One are we work in requires vacuum breakers on the water heater. We were told by the inspector that this is so the tank is siphoned out allowing the elements to turn the rest into steam and either make dangerous pressure if a valve is shut or so that the elements dont burn out.

I have never heard of a waterheater imploding but I guess youre right, bad check valve in a submersible pump with a static level 300' down and a power outage could easily pull -80psi.


----------



## Master Mark

ShtRnsdownhill said:


> proper use of a water heater is its usually full of water and water doesnt compress, so the only chance a water heater may implode is if its empty with a suction, which is almost impossible, most codes and safety devices come around because of instances in the past and imploding water heaters is as rare as seeing a dodo bird nowadays..oil tanks in the basement have imploded if the right conditions occur, but only when not full..

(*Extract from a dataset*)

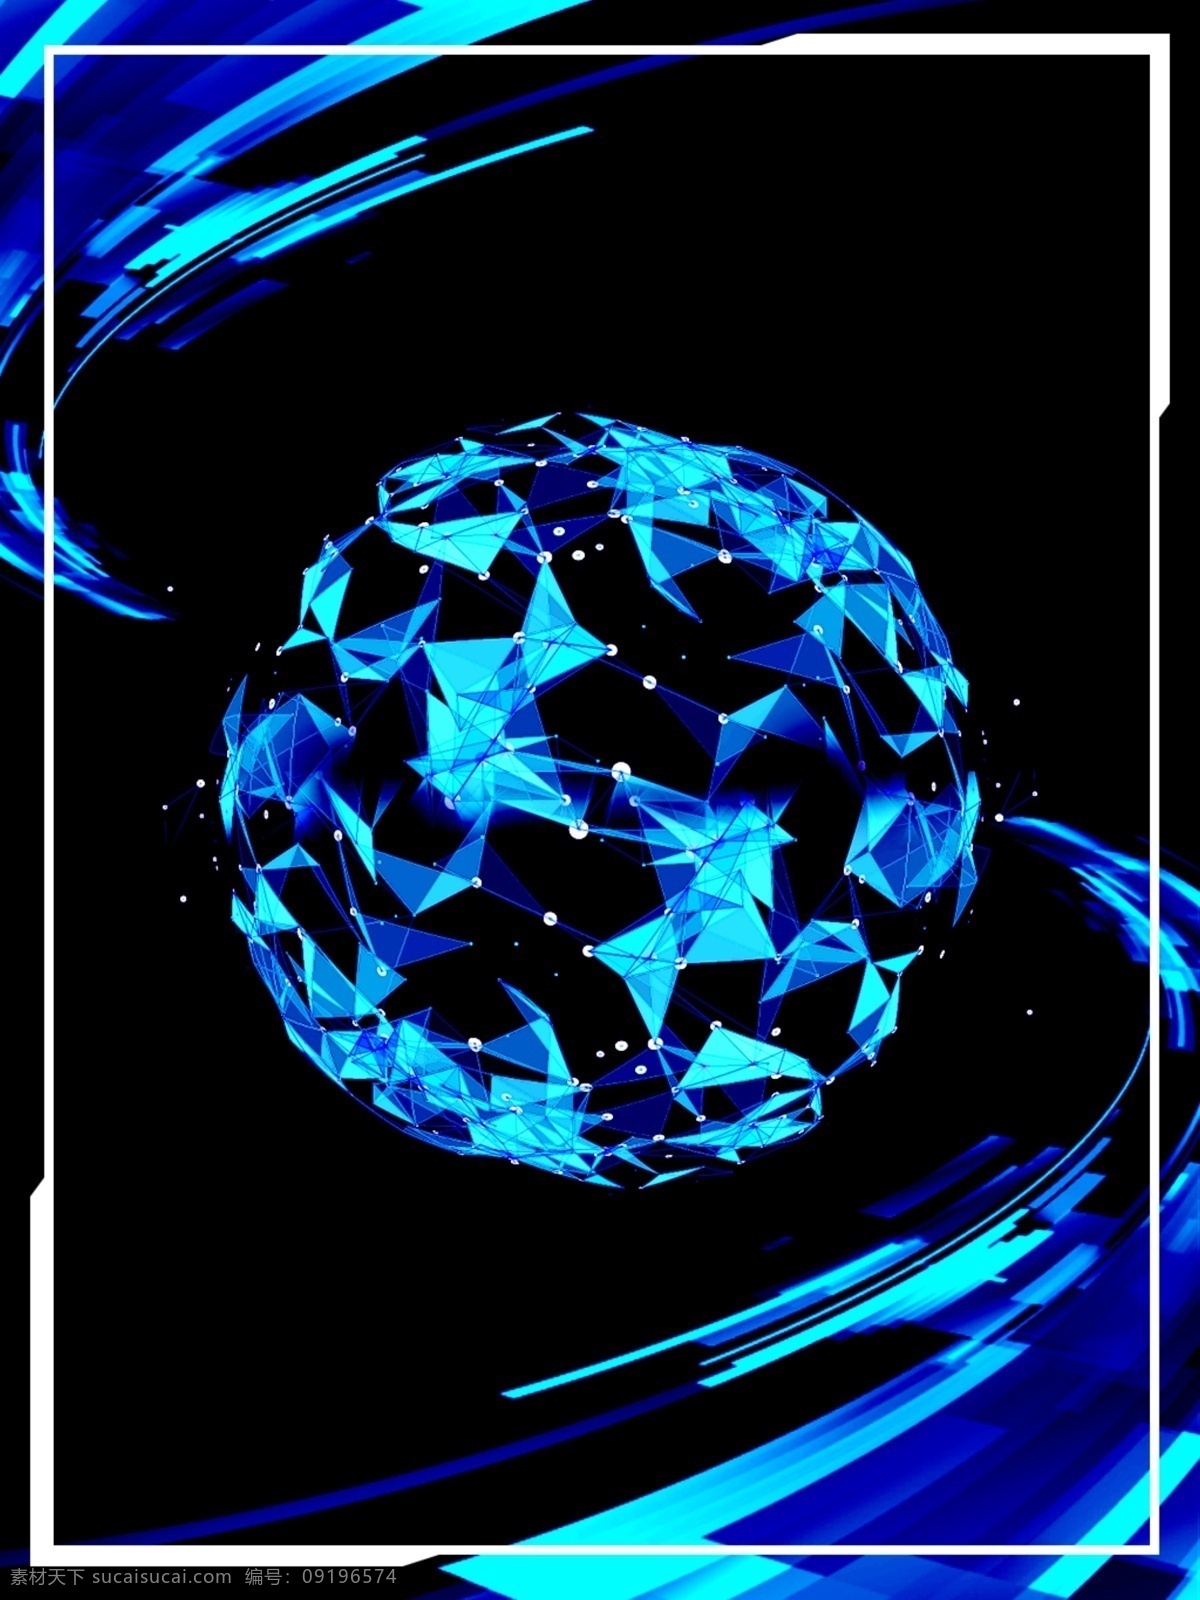 蓝色 科技 世界地图 地球 酷 炫 背景 蓝色背景 背景素材 边框 地图 背景设计 科技背景 创意背景 光 电子 数码 科幻

You have a better chance of seeing big foot... Water heater dip tubes have an anti siphon hole in them that keeps this thing from ever happenning


----------



## ShtRnsdownhill

Master Mark said:


> You have a better chance of seeing big foot... Water heater dip tubes have an anti siphon hole in them that keeps this thing from ever happenning



I was close by saying a do do bird....:biggrin:


----------



## 89plumbum

ShtRnsdownhill said:


> I was close by saying a do do bird....:biggrin:


How about the Tasmanian Tiger?


----------



## ShtRnsdownhill




----------



## ECH

The holes in the dip tube will prevent siphoning of the water as soon as the water level gets below the holes, but will still allow a vacuum to form in the tank. Hence, the spirit of the requirement (my understanding anyway).

Somebody would have to drain it, then put a pump on it and let er pump for a while. It "could" happen couldn't it?

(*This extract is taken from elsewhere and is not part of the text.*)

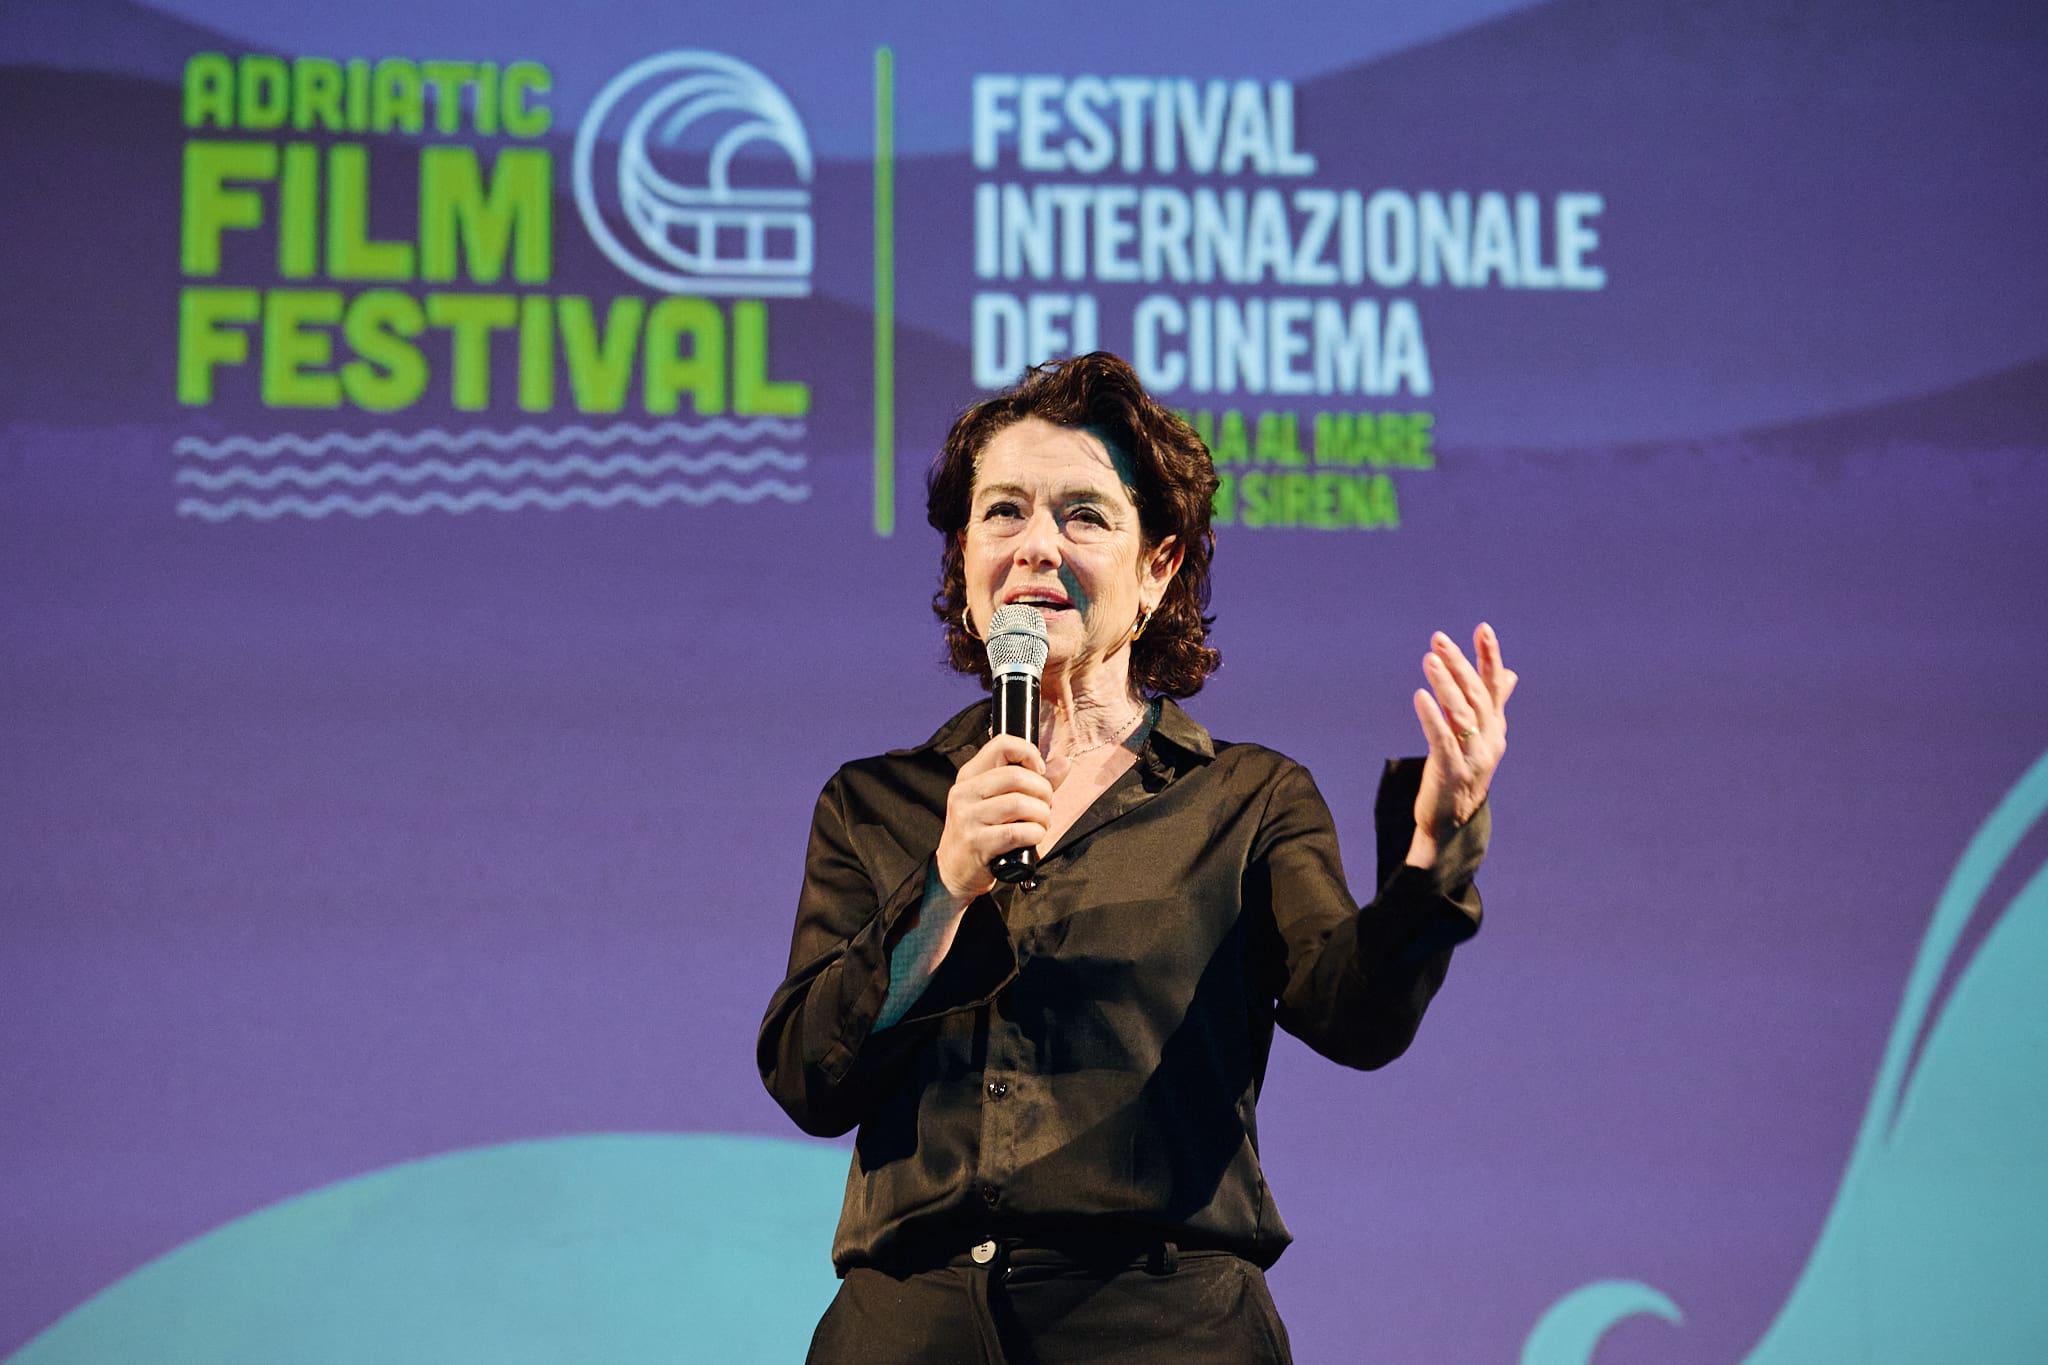 Adriatic Film Festival

(assuming, the main and faucets are closed of course.)


----------



## Master Mark

ECH said:


> The holes in the dip tube will prevent siphoning of the water as soon as the water level gets below the holes, but will still allow a vacuum to form in the tank. Hence, the spirit of the requirement (my understanding anyway).
> 
> Somebody would have to drain it, then put a pump on it and let er pump for a while. It "could" happen couldn't it?
> 
> (assuming, the main and faucets are closed of course.)



Ducks could come flying out of my ass too or maybe monkeys.. 


quack


----------